For this issue’s Ask a Lender, Jeff Baker, a vice president of mortgage lending with Guaranteed Rate, answers questions posed by Chicagoland Realtors.
In today’s world, rules and regulations have proliferated through the mortgage lending industry. The last couple of years have seen unprecedented change, as the business recovers from the hangover of easy money and lenient underwriting standards. For Realtors, it has become more important than ever to make sure buyers know and understand the new rules of residential lending.

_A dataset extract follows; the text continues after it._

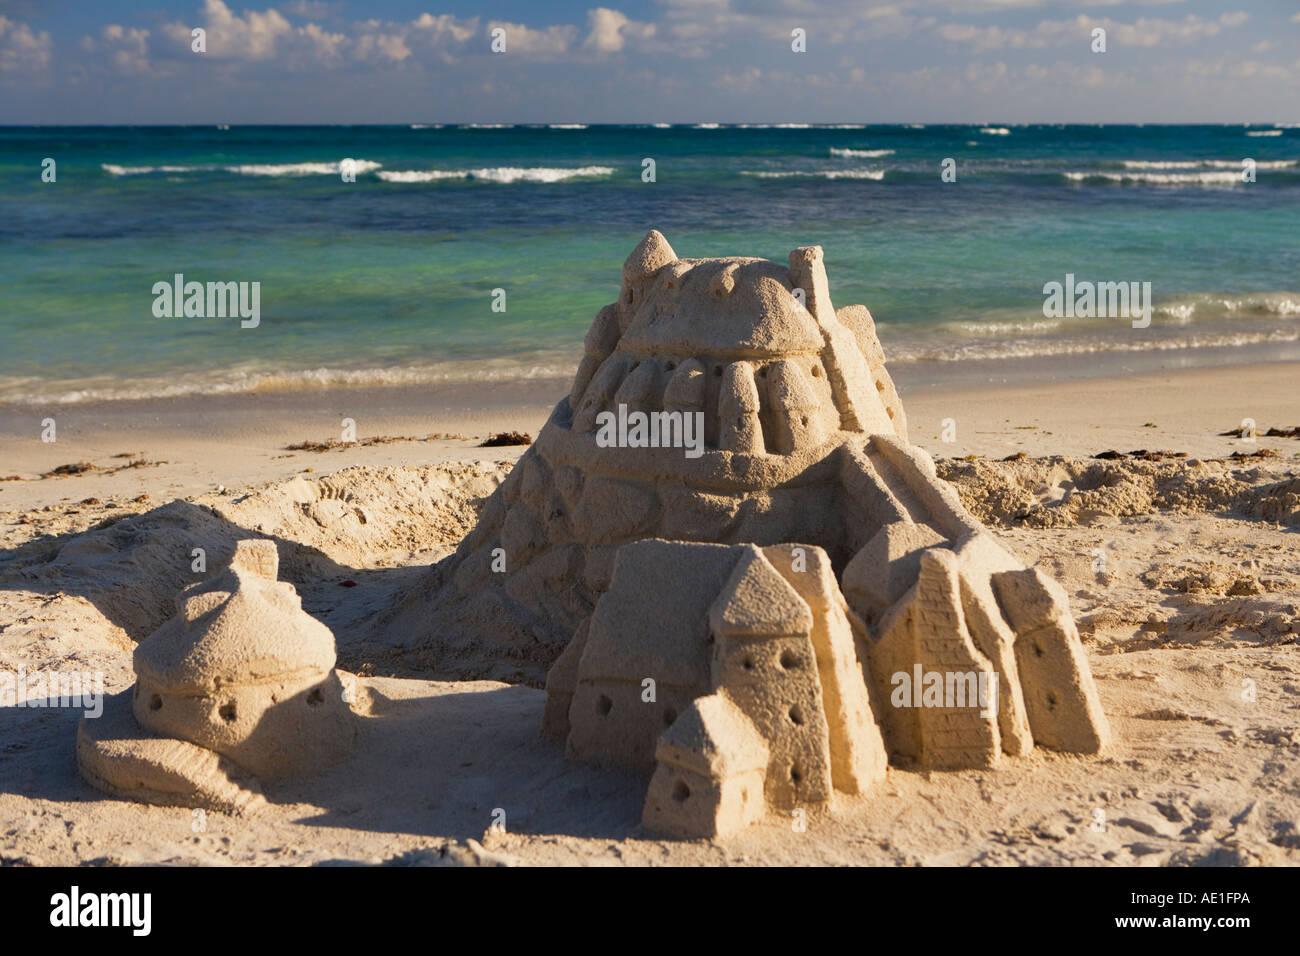 Sand Castle on the beach at Dreams Tulum Resort, Tulum, Quintana Roo, Mexico, Riviera Maya - Stock Image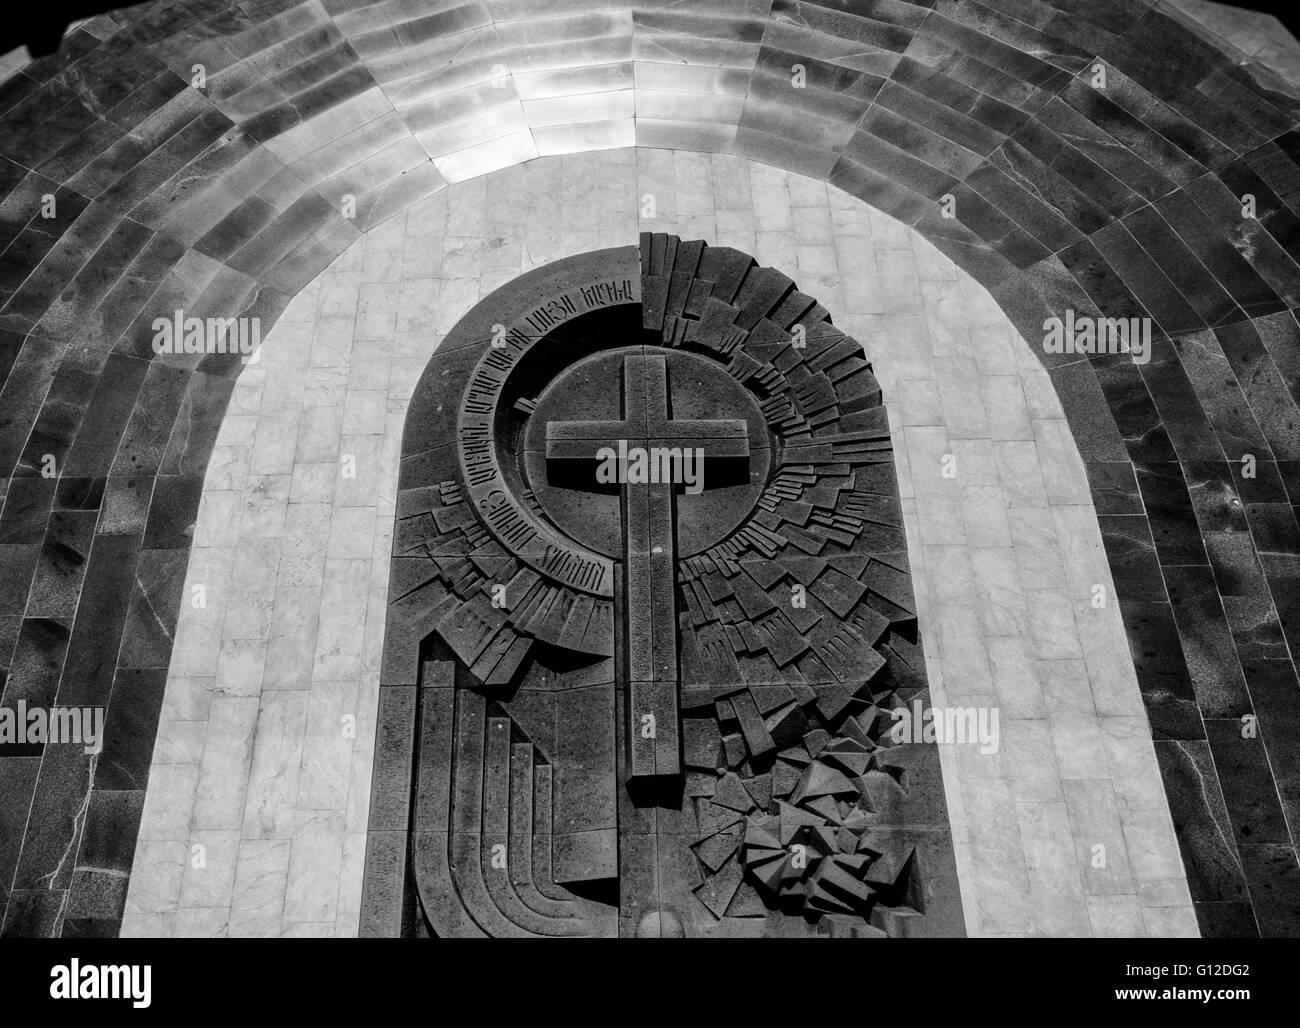 Armenia, Yerevan   Christian Monument - Stock Image

Where can I turn for reliable information about buyer qualifications? With lending rules and guidelines still in a constant state of flux, it is challenging for even the most dedicated loan officer to keep on top of it all. Fortunately, gone are the days where you have to consider whether your buyer’s pre-approval is worth the cocktail napkin it was written on. The market has forced the weakest out of the industry, and recently enacted legislation (the S.A.F.E. Act) that ensures today’s loan officers are educated, properly licensed and monitored. Lender and loan officers licensed by this act now have a National Mortgage Licensing System (NMLS) ID and can be investigated at nmlsconsumeraccess.org. You should always check the references of a buyer’s lender if you are not familiar with them, and it never hurts to have a fallback lender you can count on and trust.
What can I discuss with my buyer about financing? There really are no rules that prevent you from discussing mortgages with a buyer. Remember that your buyer’s satisfaction will hinge on the advice you provide, and usually the best advice when it comes to mortgages is to seek out a professional. You are better off guiding them to the right questions to ask their mortgage professional, rather than providing outdated answers or misleading them about the advantages of one product over another.
Are buyers that choose FHA financing less qualified or less likely to close? There seems to be a lingering stigma that FHA loans and the borrowers that choose them are underqualified and tough to get to the closing table. If you are working with a reputable FHA lender, this could not be further from the truth. In today’s market there are many scenarios in which the process to close an FHA loan is easier than conventional financing. With FHA loans now accounting for roughly 30 percent of purchase financing, advising a seller or buyer against it could cost them real dollars. FHA rates are less sensitive to credit scores and down payments, allowing a buyer to see a significant savings over conventional financing payments. For a single-family residence or townhome, the only difference the seller is likely to see is a few additional signatures on contract disclosures. Getting a condominium project FHA-approved may require some additional documentation over a conventional approval; however, an FHA eligible project opens the sale to thousands of additional buyers. HUD now permits approved lenders to complete a project review and approval in-house, with lenders often able to complete the review process within a couple weeks. Your assistance in coordinating the review can even generate additional leads in the building.
How do I get my project approved for FHA financing? The easiest way is to contact your preferred lender and ask if they are a Direct Endorsement Lender for FHA. If this is the case, they can provide you with a list of documentation and requirements they need to review and approve the project. Once a project is FHA-approved, it is published to HUD’s approved condominium list for two years and eligible for financing with any FHA lender. For full details of FHA’s condominium project approval process, see HUD Mortgagee Letter 2009-19.